Work order: Skip all pictures. Set down only the lines starting at the line containing "Masterclass on Best" and running to the end of the listing.

Source material:

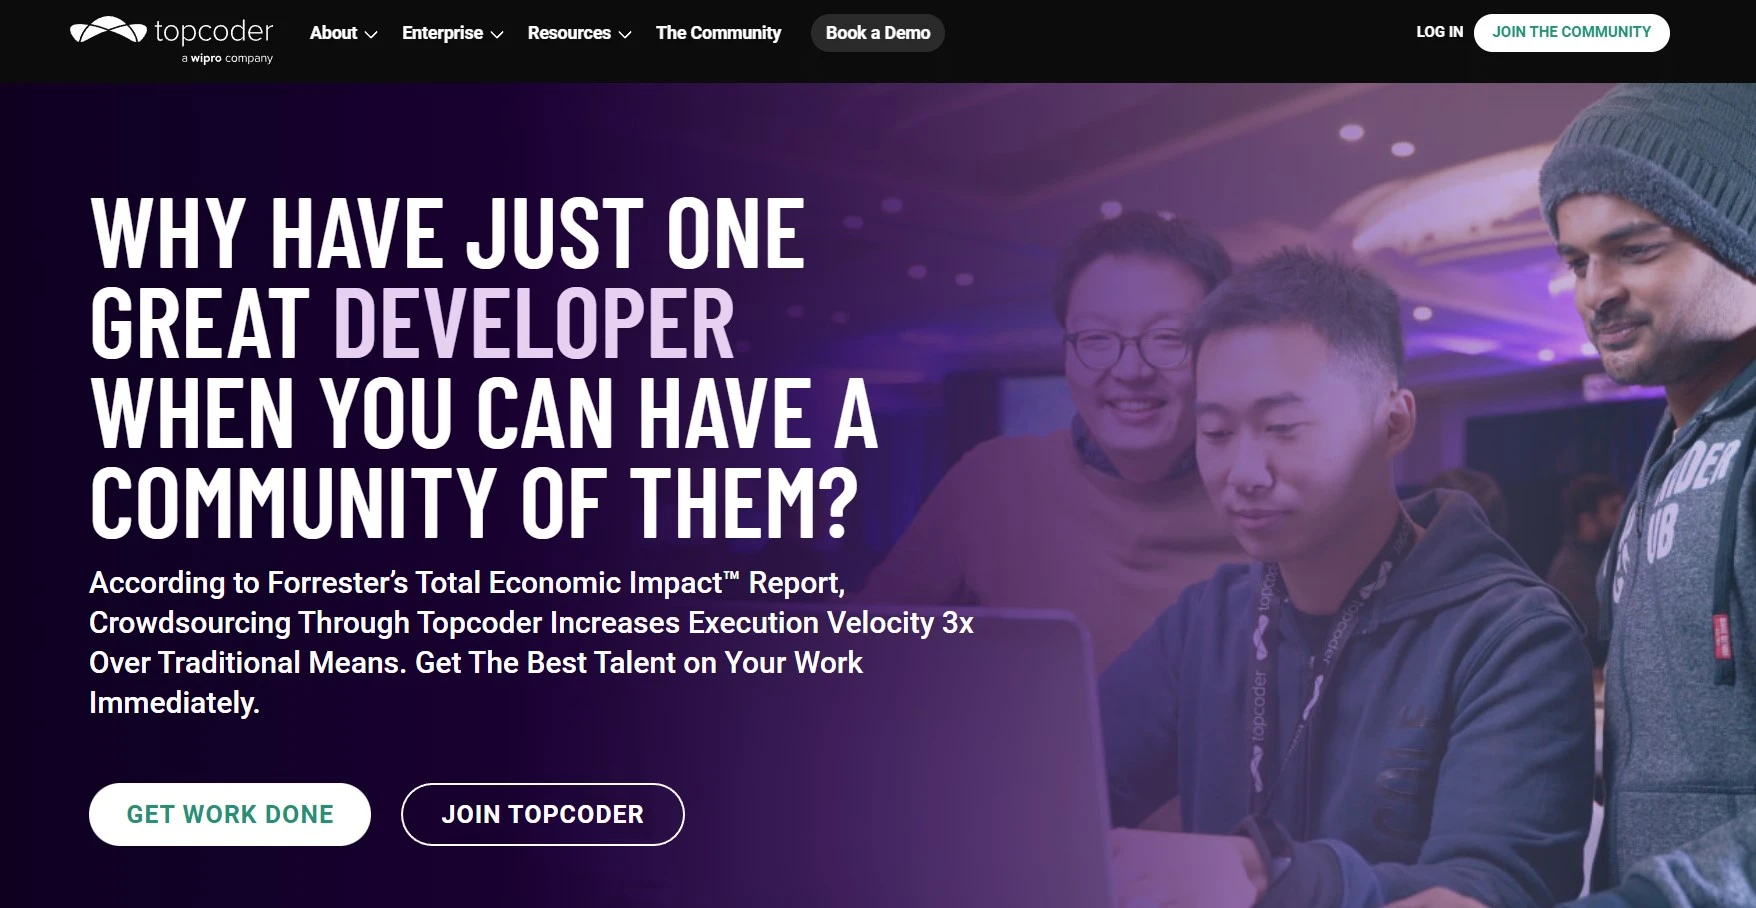 Topcoder website to learn coding
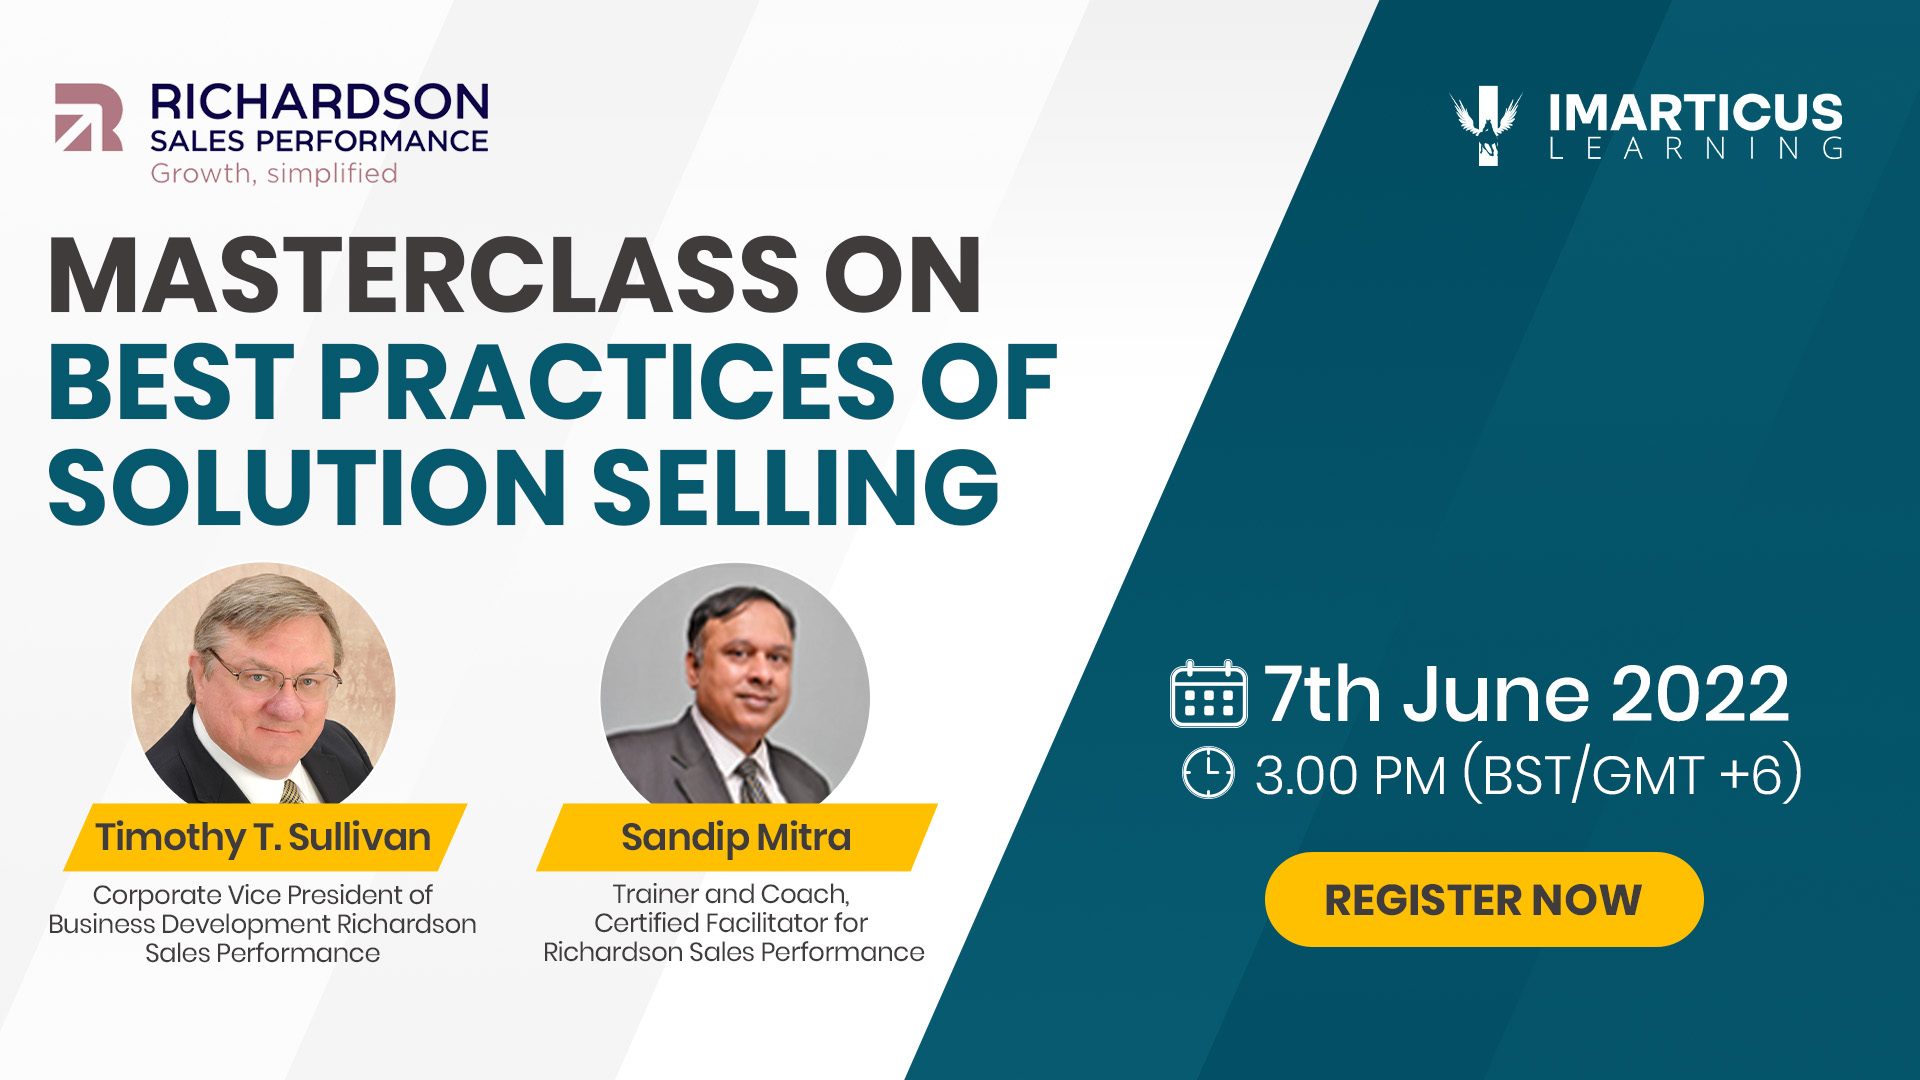 Masterclass on Best Practices of Solution Selling, Online Event
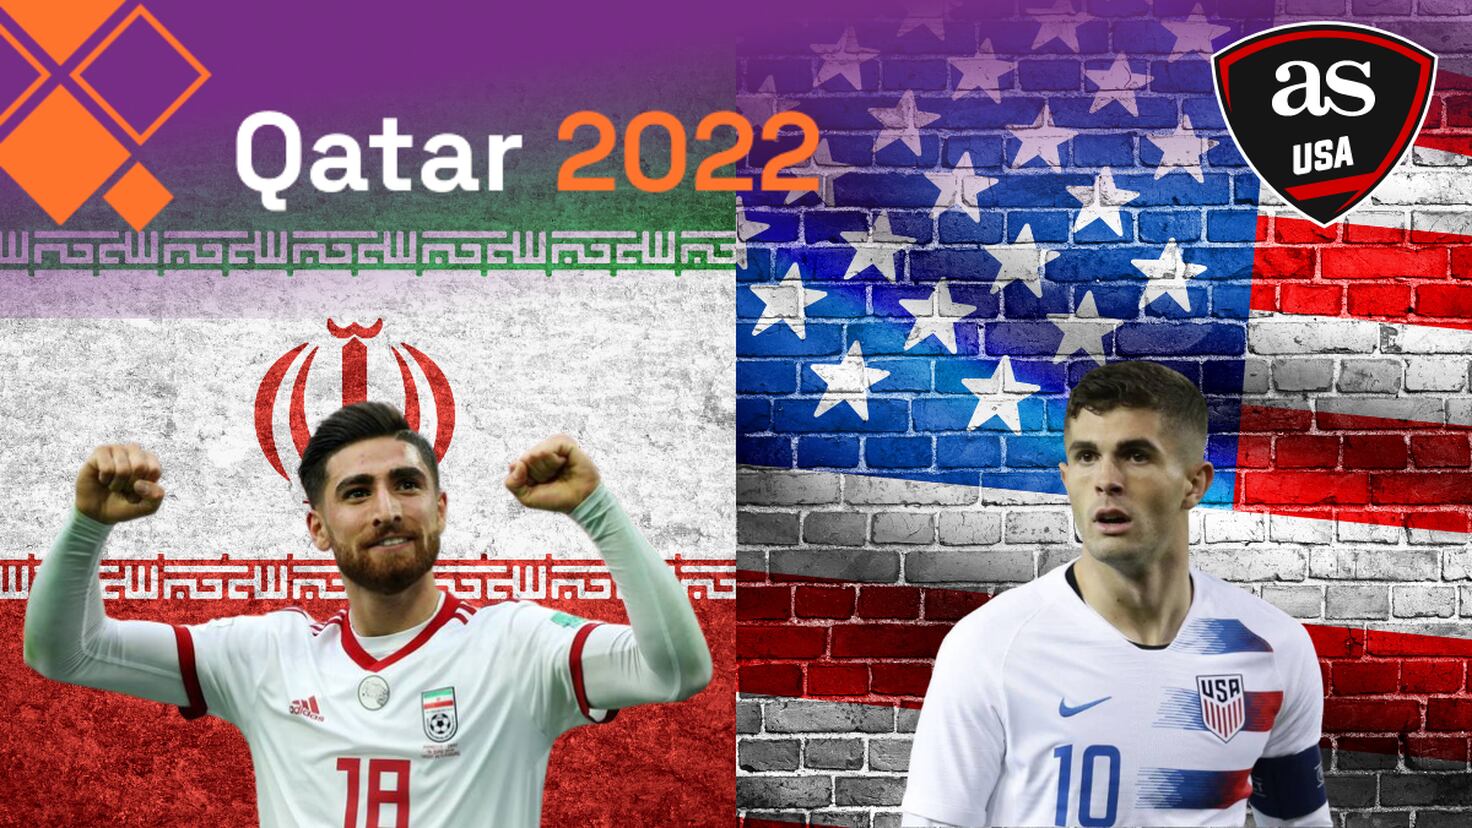 FIFA World Cup 2022: England, Iran, USA and Wales to fight it out

Answer to this task:
 Masterclass on Best Practices of Solution Selling, Online Event
 FIFA World Cup 2022: England, Iran, USA and Wales to fight it out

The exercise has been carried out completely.